Paine was born August 26, 1833, in Boston, Massachusetts, son of Charles Cushing Paine and Fannie Cabot Jackson, and great-grandson of Robert Treat Paine, one of the signers of the United States Declaration of Independence. His brother, Sumner Edward Jackson Paine, was a 2nd Lieutenant in Company A, 20th Regiment Massachusetts Volunteer Infantry and was killed during the repulse of Pickett's Charge on July 3, 1863, at the Battle of Gettysburg.

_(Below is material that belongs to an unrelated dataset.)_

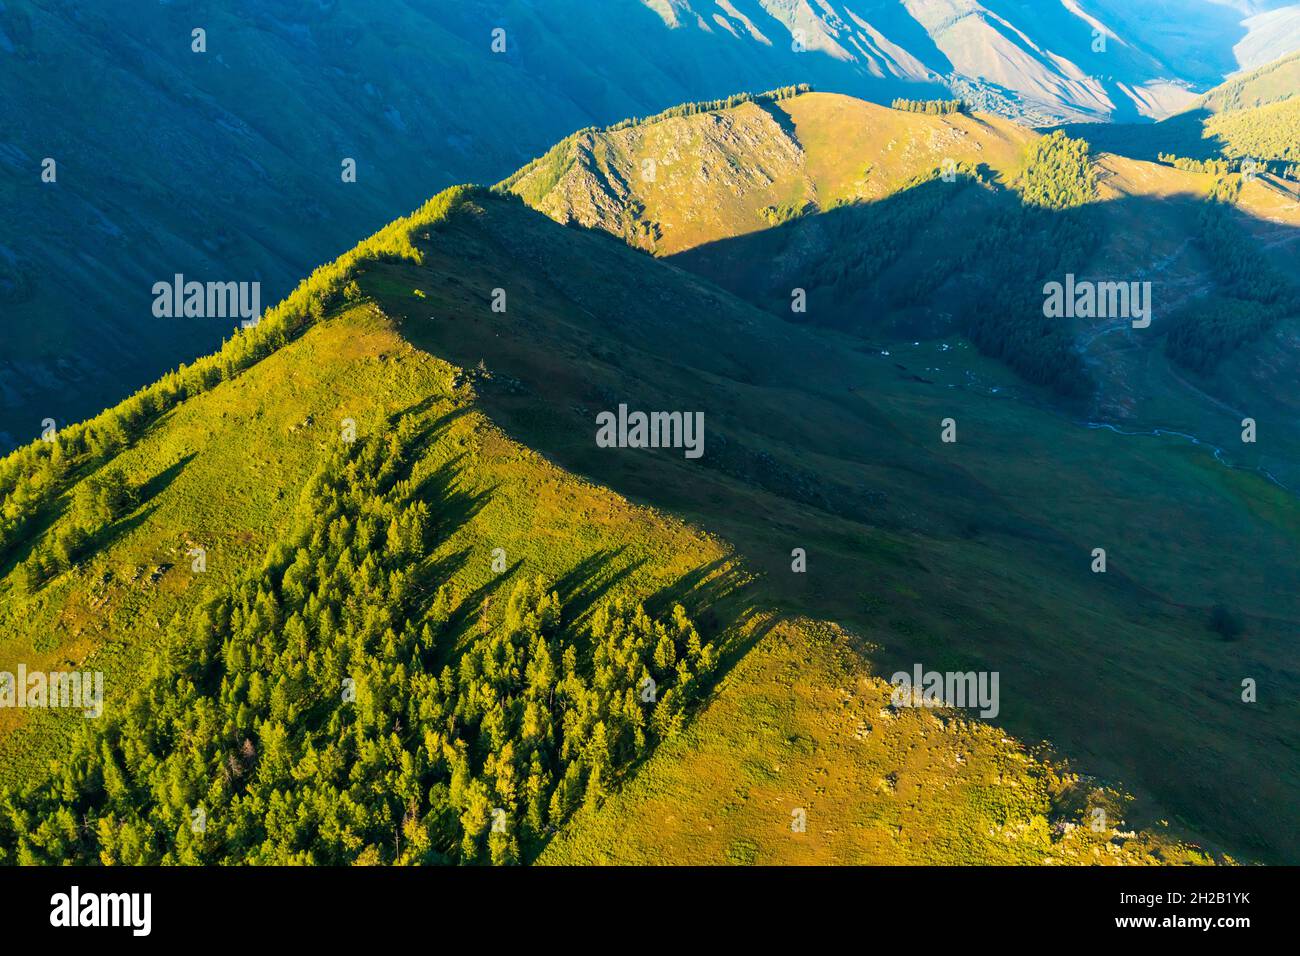 Aerial View of mountain and green forest with grass in Kanas Scenic Area,Xinjiang,China. Stock Photo
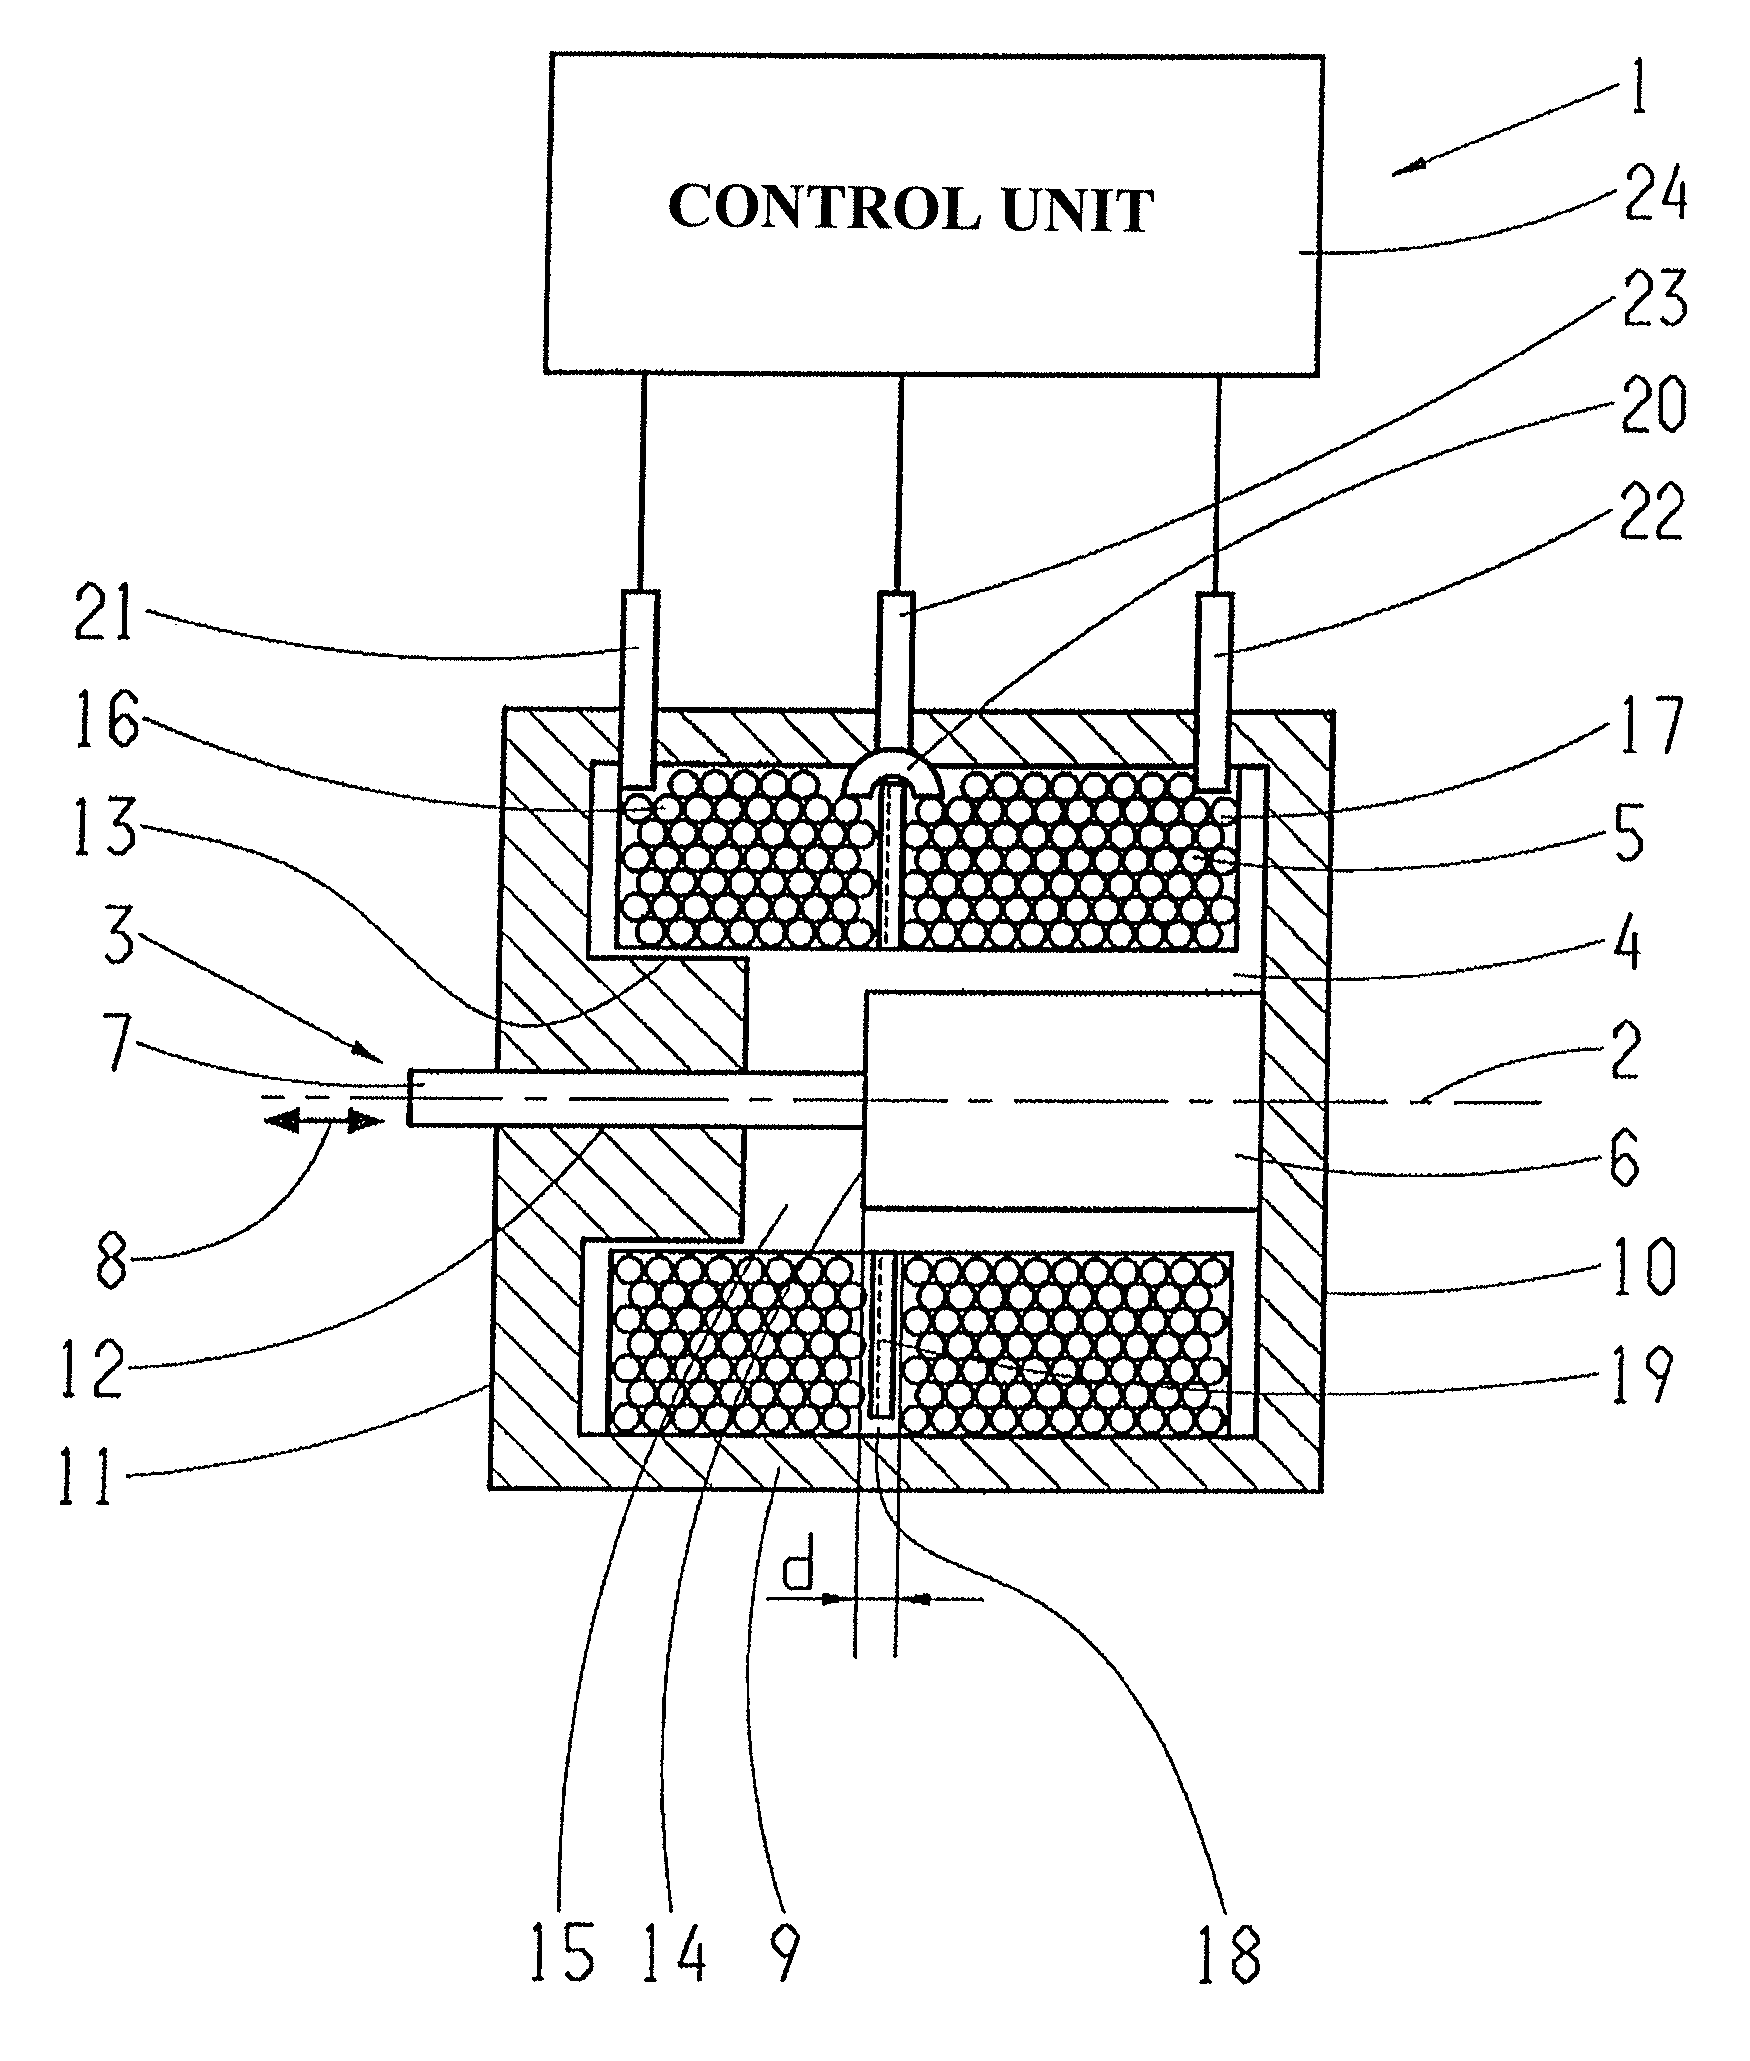 Electromagnetic actuating device with ability for position detection of an armature

He graduated from Harvard in 1853 and made a considerable fortune in railroad enterprises. In 1861 he entered the Federal service as a captain in the 22nd Massachusetts Infantry. The next year he was sent to Ship Island, Mississippi. In October, he was commissioned as the first colonel of the 2nd Louisiana Infantry. During the siege of Port Hudson (May 24 – July 8, 1863) he commanded a brigade. On March 4, 1864, Paine resigned his commission and returned to Massachusetts.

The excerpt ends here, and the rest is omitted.